= What you have to do =
Among the lines below, copy exactly those from the one with "Вентиляция в котельной" through the one with "reflexologue a Cavaillon-reflexologie", counting both ends.

= Material provided =
+---+
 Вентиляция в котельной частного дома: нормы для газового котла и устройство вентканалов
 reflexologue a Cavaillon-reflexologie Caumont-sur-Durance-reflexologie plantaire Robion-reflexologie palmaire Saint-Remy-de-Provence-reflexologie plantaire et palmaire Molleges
+---+
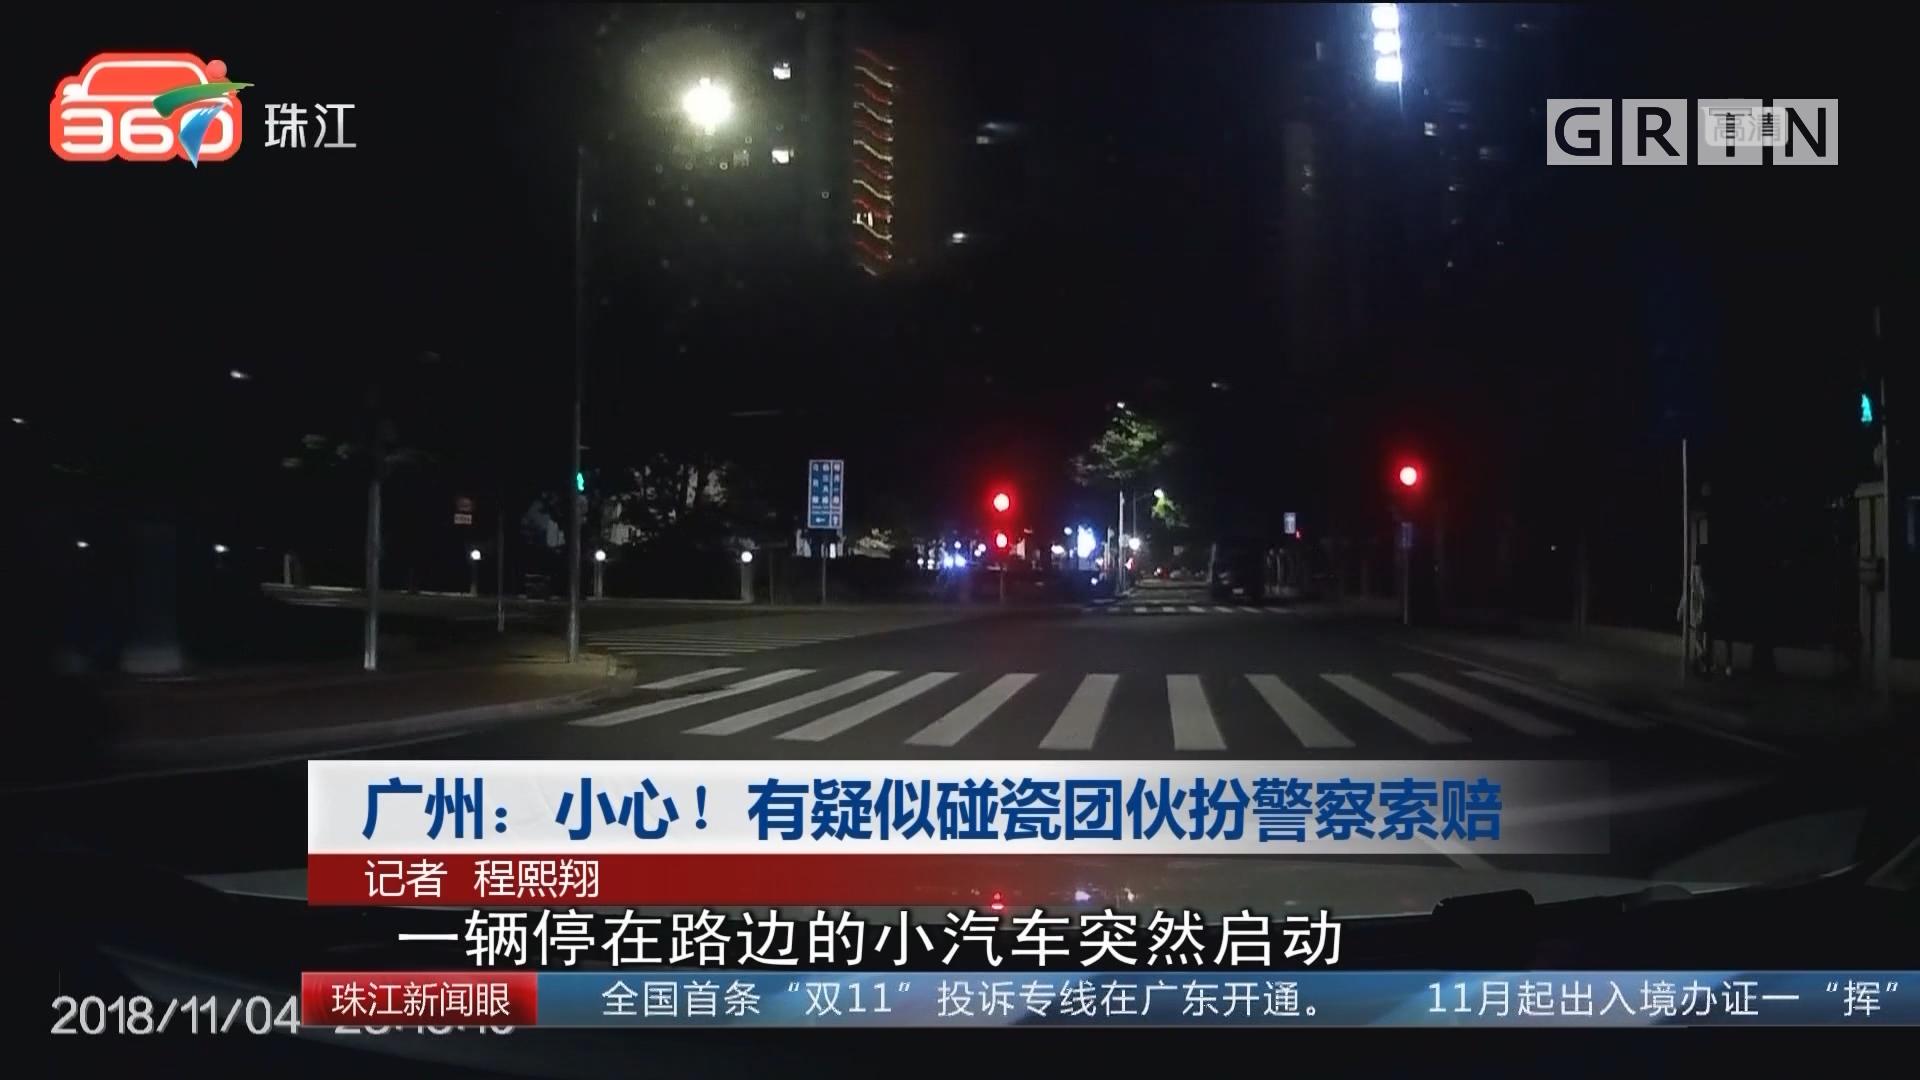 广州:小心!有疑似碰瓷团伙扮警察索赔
+---+
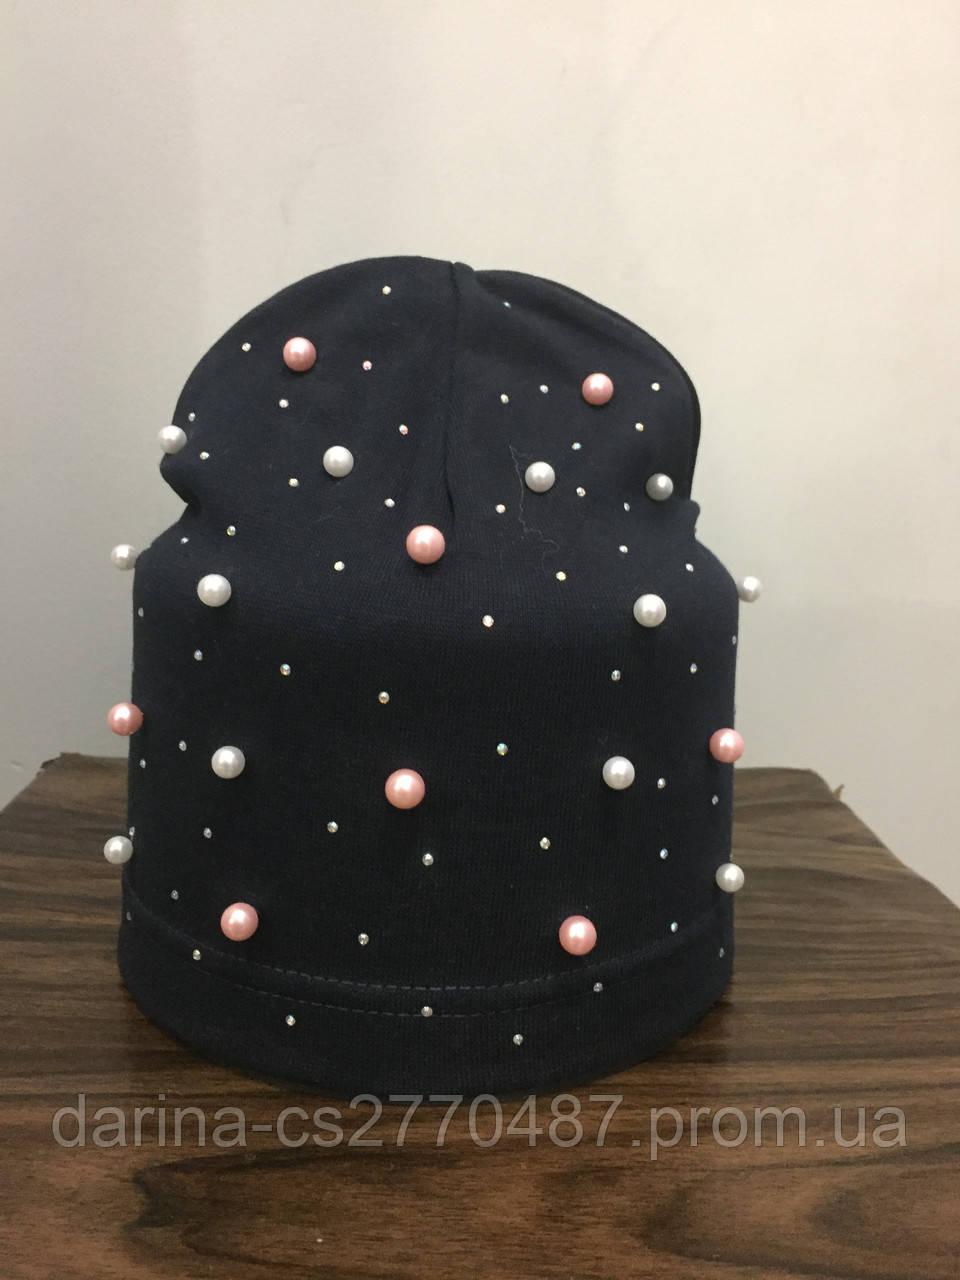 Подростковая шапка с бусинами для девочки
+---+
= Task output =
 Вентиляция в котельной частного дома: нормы для газового котла и устройство вентканалов
 reflexologue a Cavaillon-reflexologie Caumont-sur-Durance-reflexologie plantaire Robion-reflexologie palmaire Saint-Remy-de-Provence-reflexologie plantaire et palmaire Molleges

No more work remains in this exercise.